Here’s the music industry news roundup from the week of Sept 30th, 2016. There’s a wide range of topics this week that run the gamut from album sales to social networks to acquisitions to bankruptcy, so let’s get to it.
Adele gets her second Diamond album in the US. Her album 25 just went past the 10 million mark, making her only the third woman to do so. The other ones? You’ll never guess – Britney Spears and Celine Dion!
Drake makes history too. He’s the first artist with an album (Views) that reached 1 billion streams on Apple Music. Image what his totals are when you add the other streaming platforms in.
Spotify may be buying Soundcloud. The reasoning is that SC could make it easier for young artists to get on Spotify, but it seems like too much money (probably over $1 billion) for a service that has already peaked.
The music industry comes down hard on Youtube-mp3.org. It’s a website that allows people to rip the audio from YouTube videos into downloadable files. The site is based in Germany and makes money from advertising, but record labels all over the world have banded together to file a lawsuit to shut it down.
A bid for Twitter looks to be coming soon. The suitors for the social network are said to include Google and Salesforce.com, as well as other technology companies. Could this mean the eventual end of the platform?
Everyone’s angry at Facebook for overestimating video view time. The company’s been doing it for a couple of years, and taking advertisers to the cleaners in the meantime. Those figures always looked too good to be true.
Rdio’s bankruptcy is messy. Here’s what happens when a music streaming network goes belly-up. There’s a lot of weeping and gnashing of teeth over money, which is no surprise.
Rolling Stone Magazine partially acquired by BandLab. Doesn’t make much sense on the surface, but Mark Mulligan’s always insightful blog sees the strategy in it, although he doesn’t think the pairing will last.
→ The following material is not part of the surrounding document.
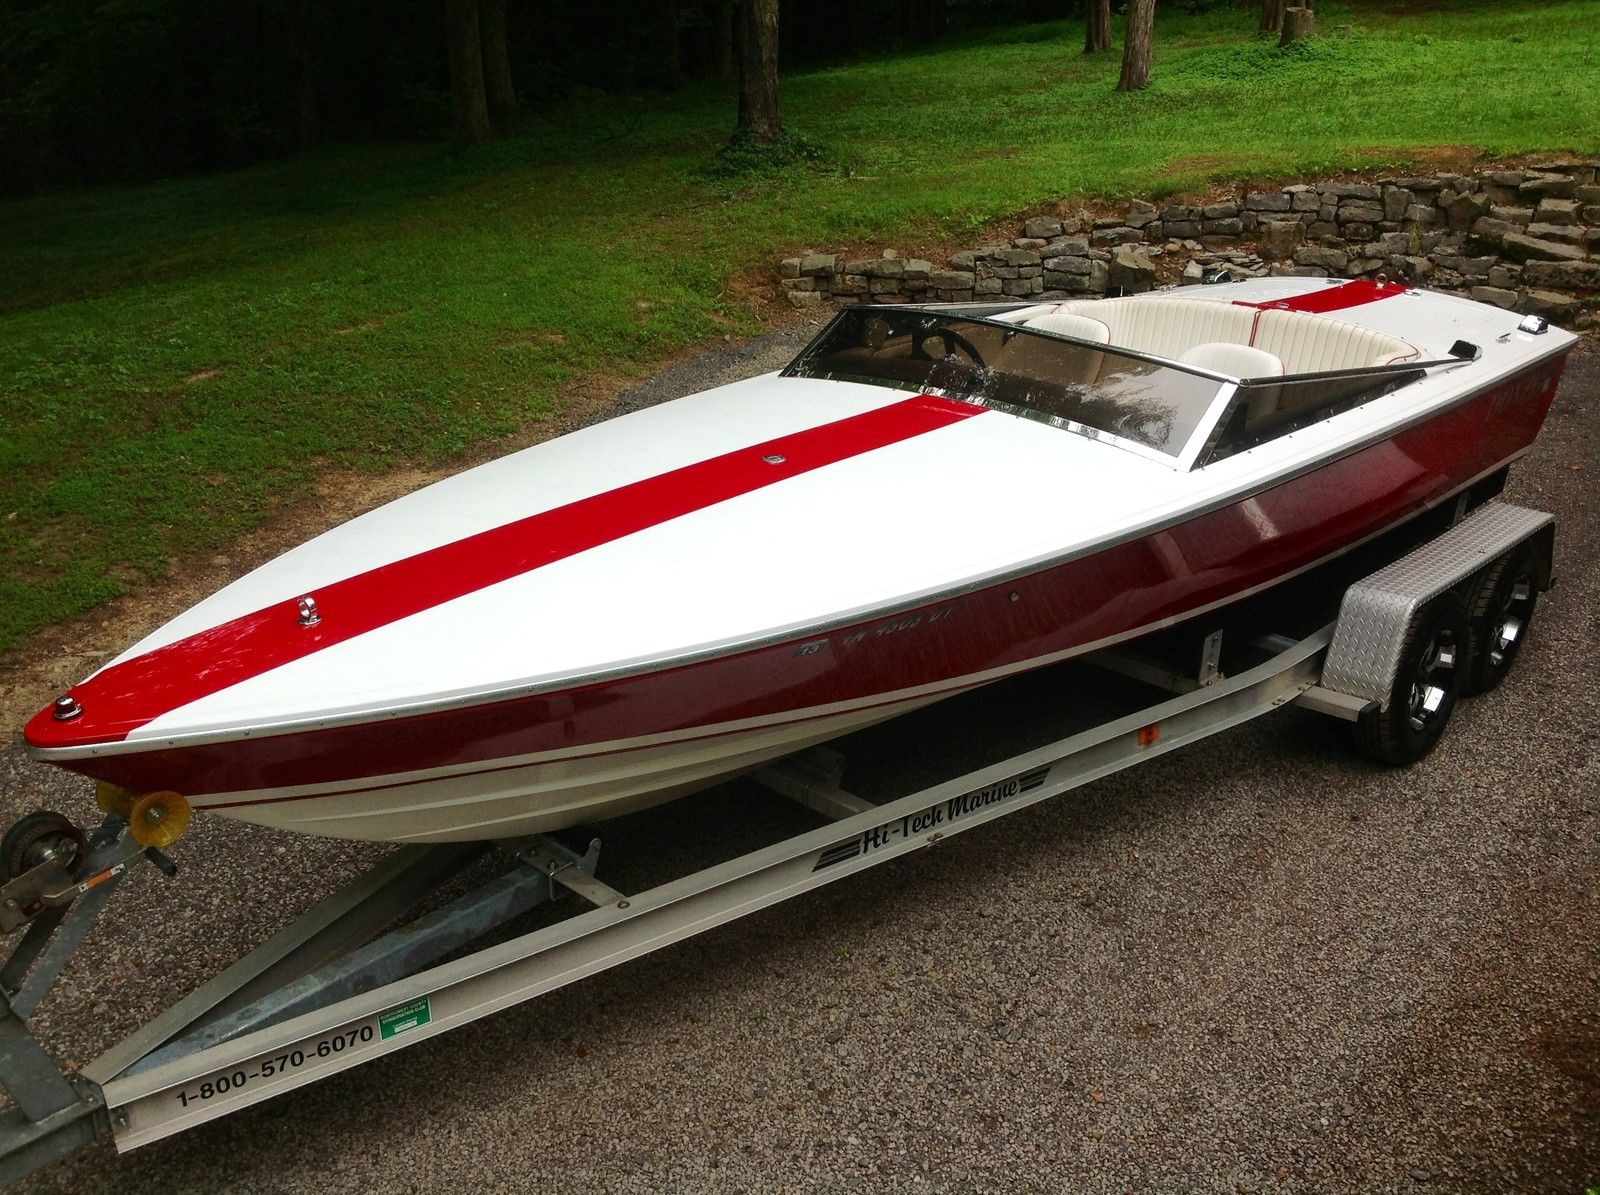 Donzi 22 Classic 1994 for sale for $11,000 - Boats-from ...

A Blockchain editor proves the technology won’t be savior of the music business. The tech behind Bitcoin defeats the purpose of how it works if it can be edited. Many companies have popped up recently with hopes of all music being coded with Blockchain, but none could gain industry traction. Their chances are much worse today.
Don’t look now, but Snapchat has some new hardware. The company is trying to go one-up on Google Glass with pair of sunglasses that can record short videos to upload to the platform. They look pretty cool, while Google Glass was just creepy.
Radio’s dying because it’s stuck in the past. It can’t seem to find a way to transition to mobile the way that the music and television industries have.